If this sounds extreme,then consider this. Everything in moderation…including moderation. When you are you are digging your way out of a hole, the sooner its done the better.
A lot of people think that debt is their problem. But debt is just a symptom of an underlying problem (either spending too much or earning too little). Monk Mode is a way of breaking the pattern, addressing the underlying problem and creating new habits.
Being debt-free gives you most of the benefits of financial independence
For me, the main value of the financial independence movement is what it offers everyone. I’m talking about the realisation that debt is a trap and keeping up with The Joneses is a mug’s game.
Everyone can use the tools, techniques and mindset of FI to improve their own situation and – most important of all – get out of debt.
Not all debt is bad of course. A cheap mortgage currently costs less than the 2019 inflation rate of 1.8%. This is a perfectly sensible way to finance the purchase of a flat / house / apartment and build capital as you pay down the debt. If you use leverage for a smart investment (e.g. buying low, fixing up an old flat or house and then selling high) you can make out like a bandit.

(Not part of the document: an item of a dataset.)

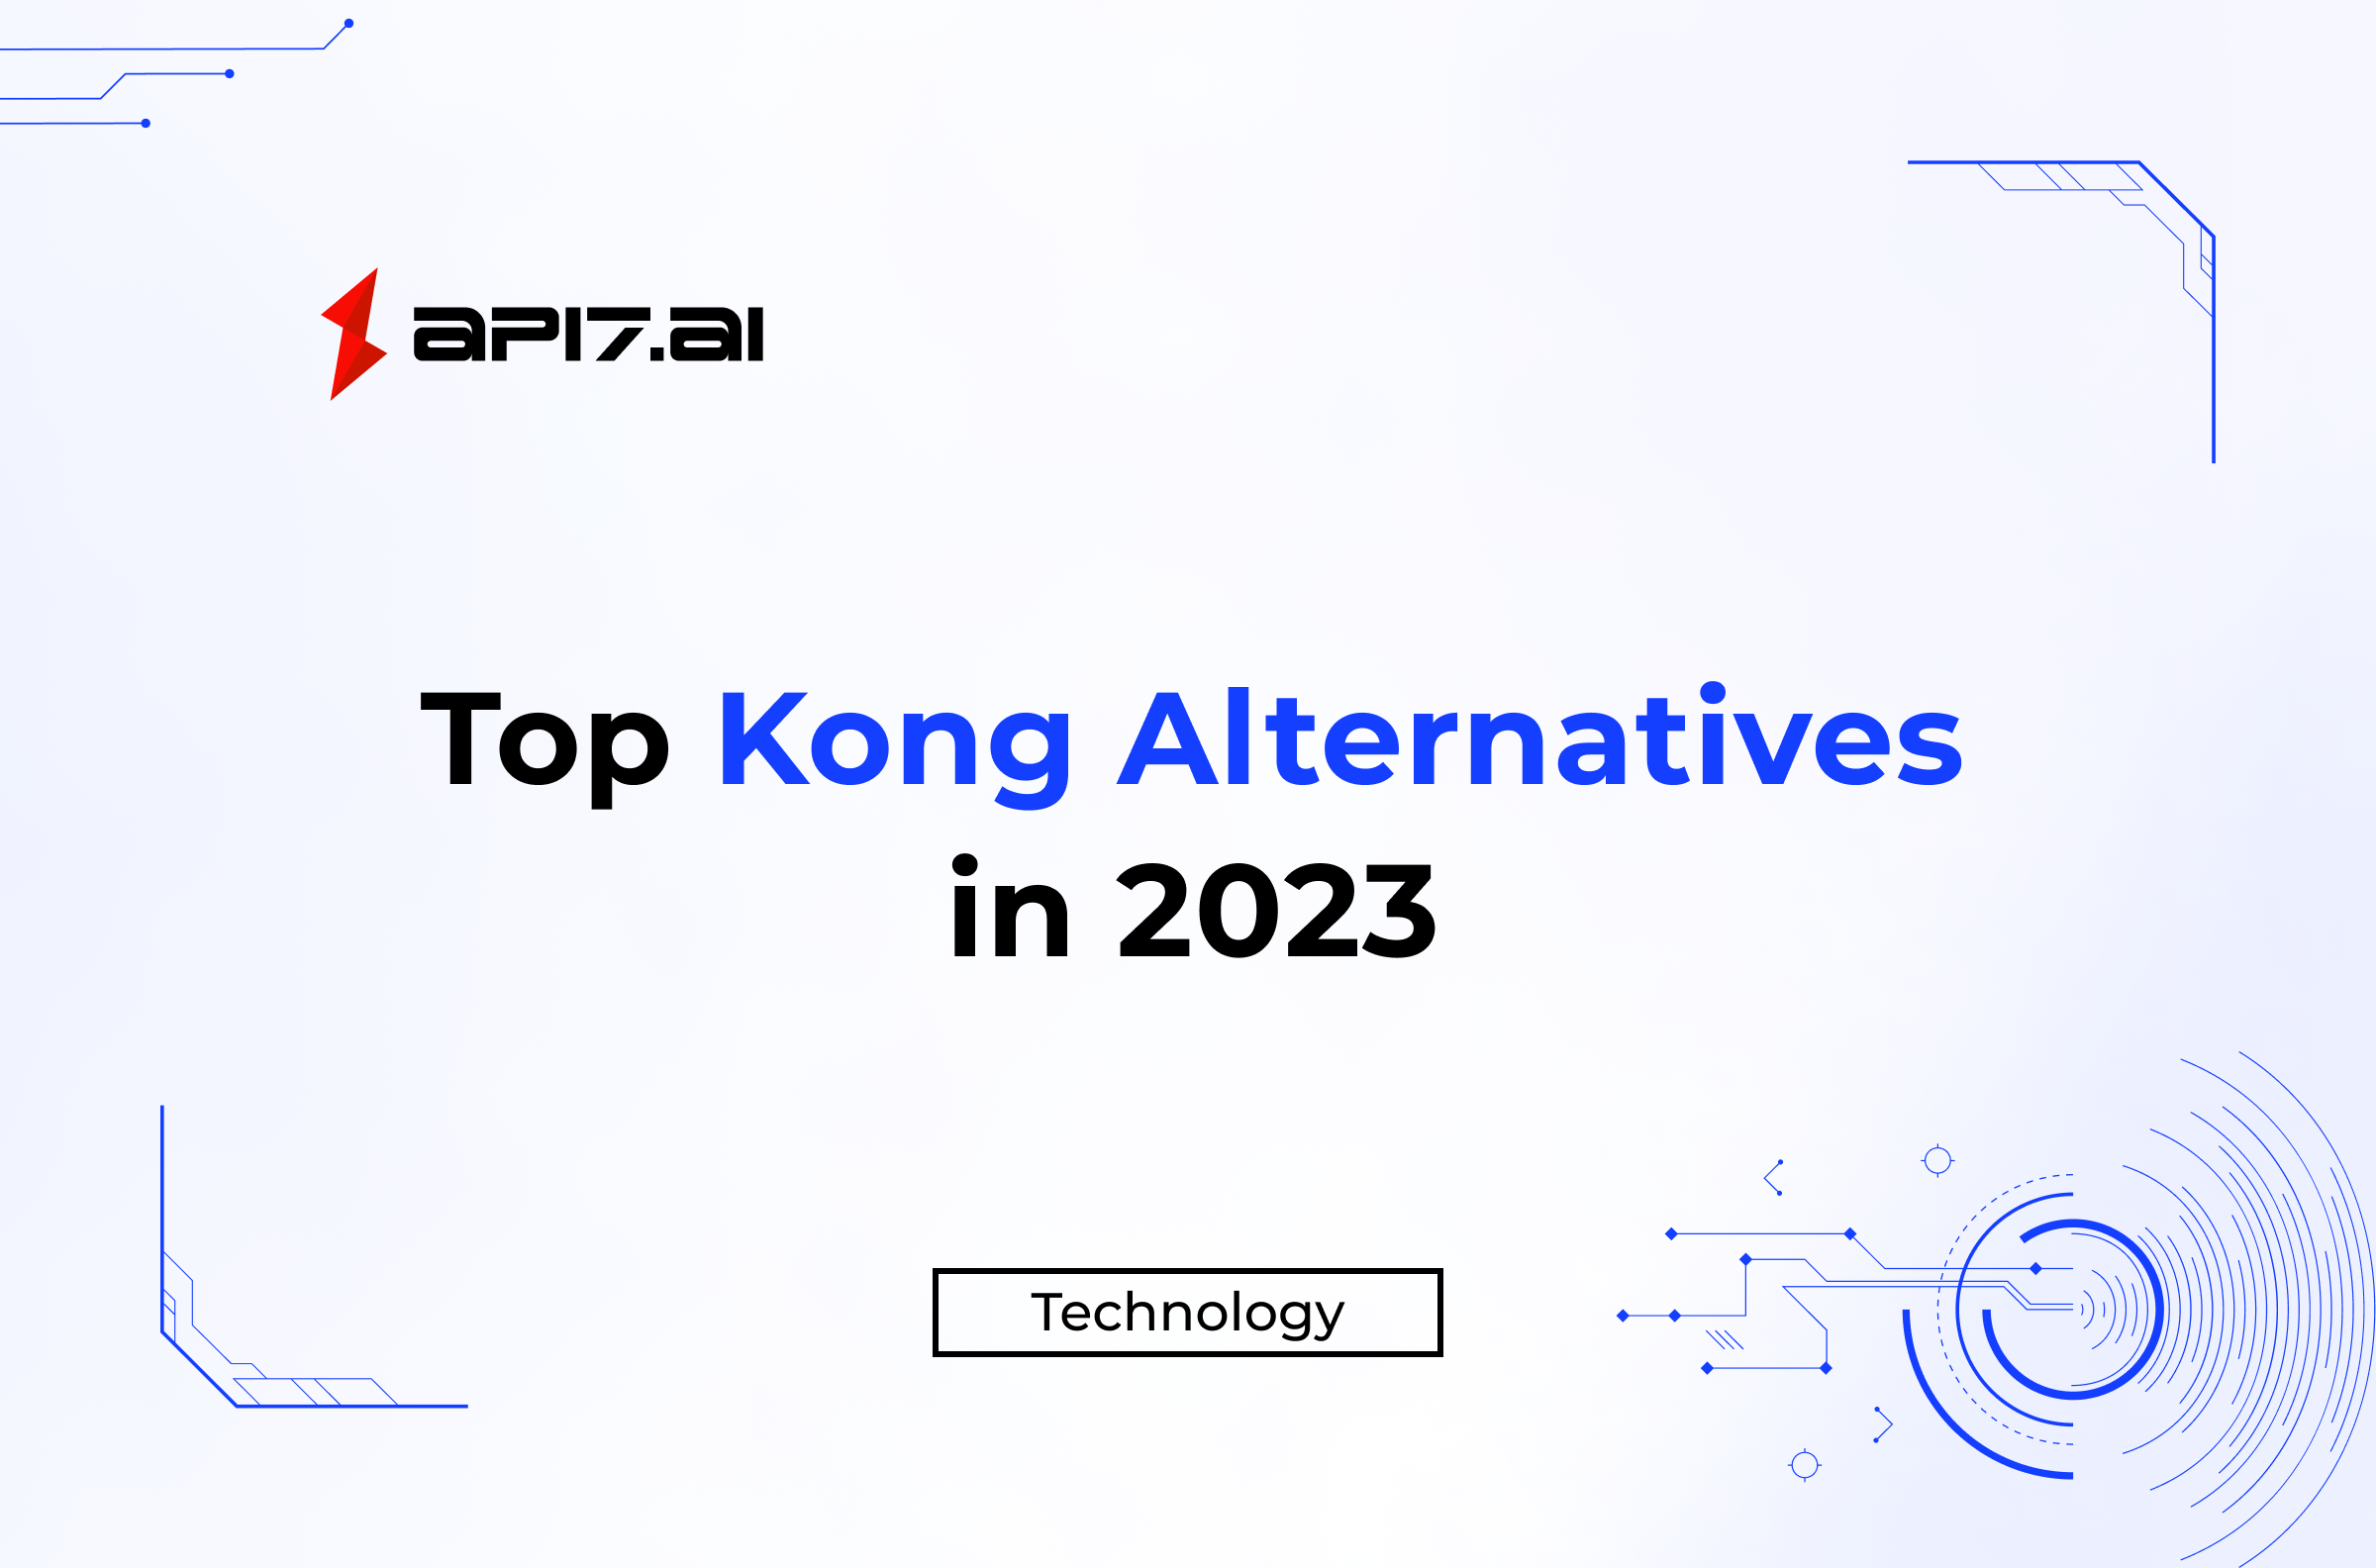 Top Kong Alternatives in 2023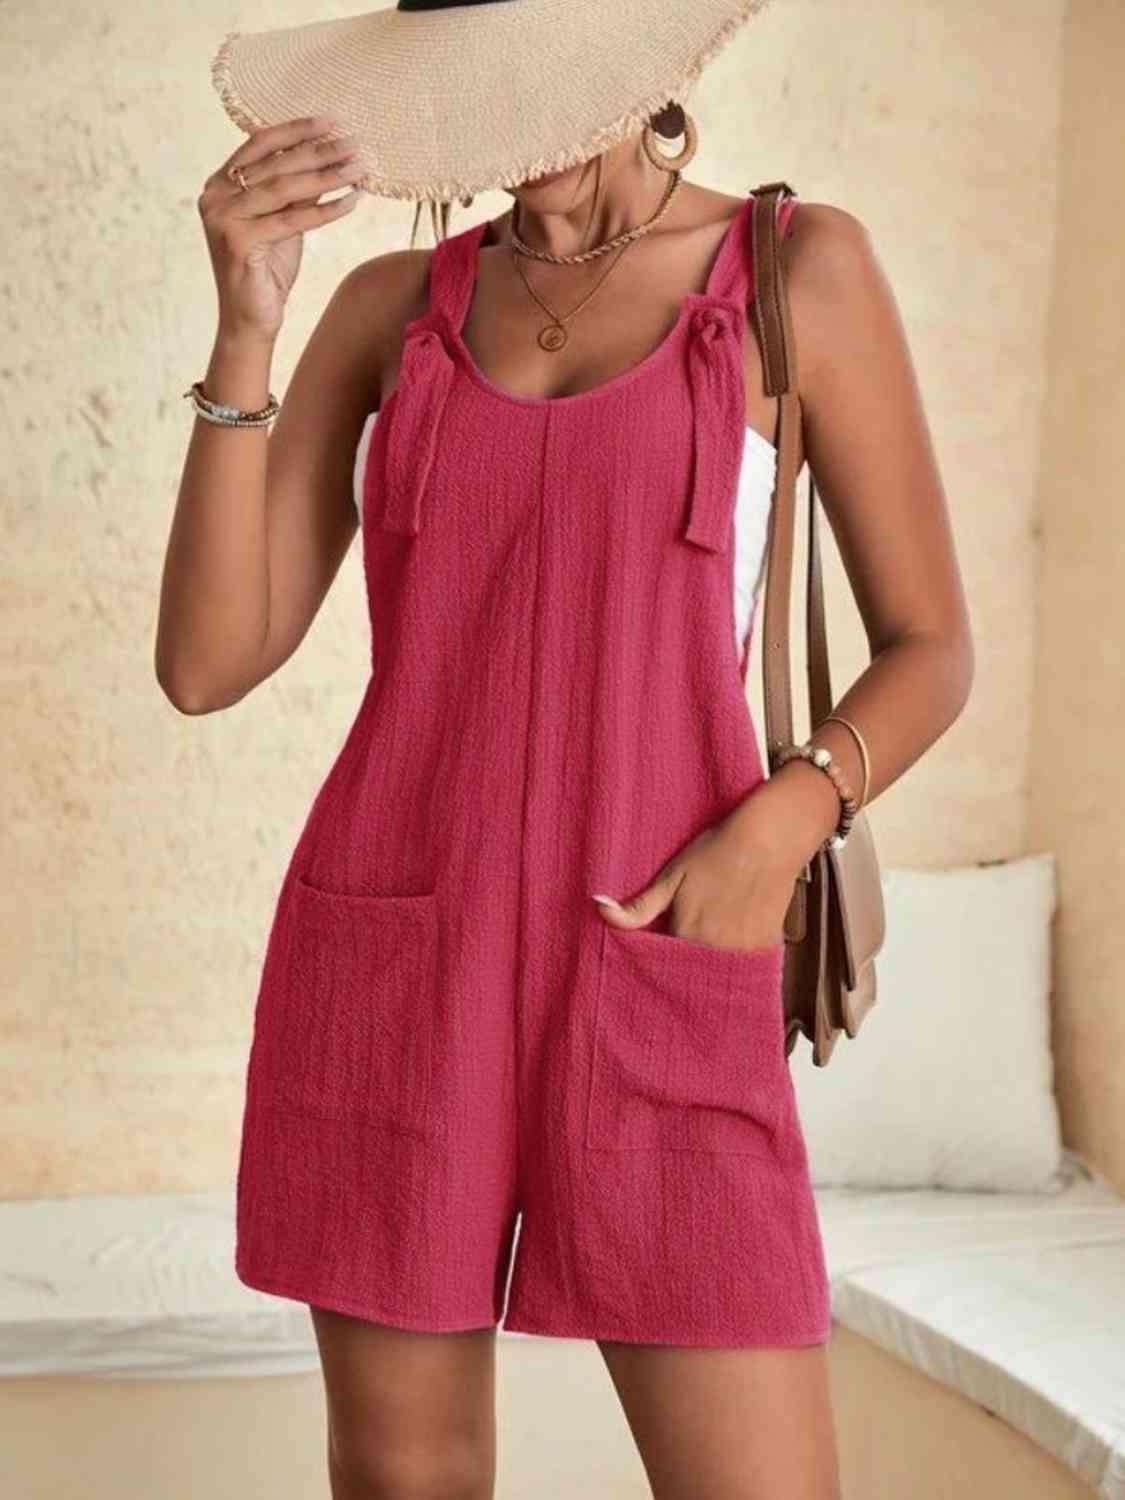 Bona Fide Fashion - Full Size Scoop Neck Romper with Pockets - Women Fashion - Bona Fide Fashion

If you have paid off all your non-mortgage debt, have >40% equity value in your property, are on a cheap mortgage rate, have an emergency fund of 6m cash and are working flexibly, then you already have most of the benefits of full financial independence.
If you have cleared your mortgage as well, then I conservatively estimate that you already have ~80% of the benefits of full financial independence.
Debt is the barbed wire fence around The Prison Camp. And being debt free is like clearing the fence. It’s a beautiful feeling.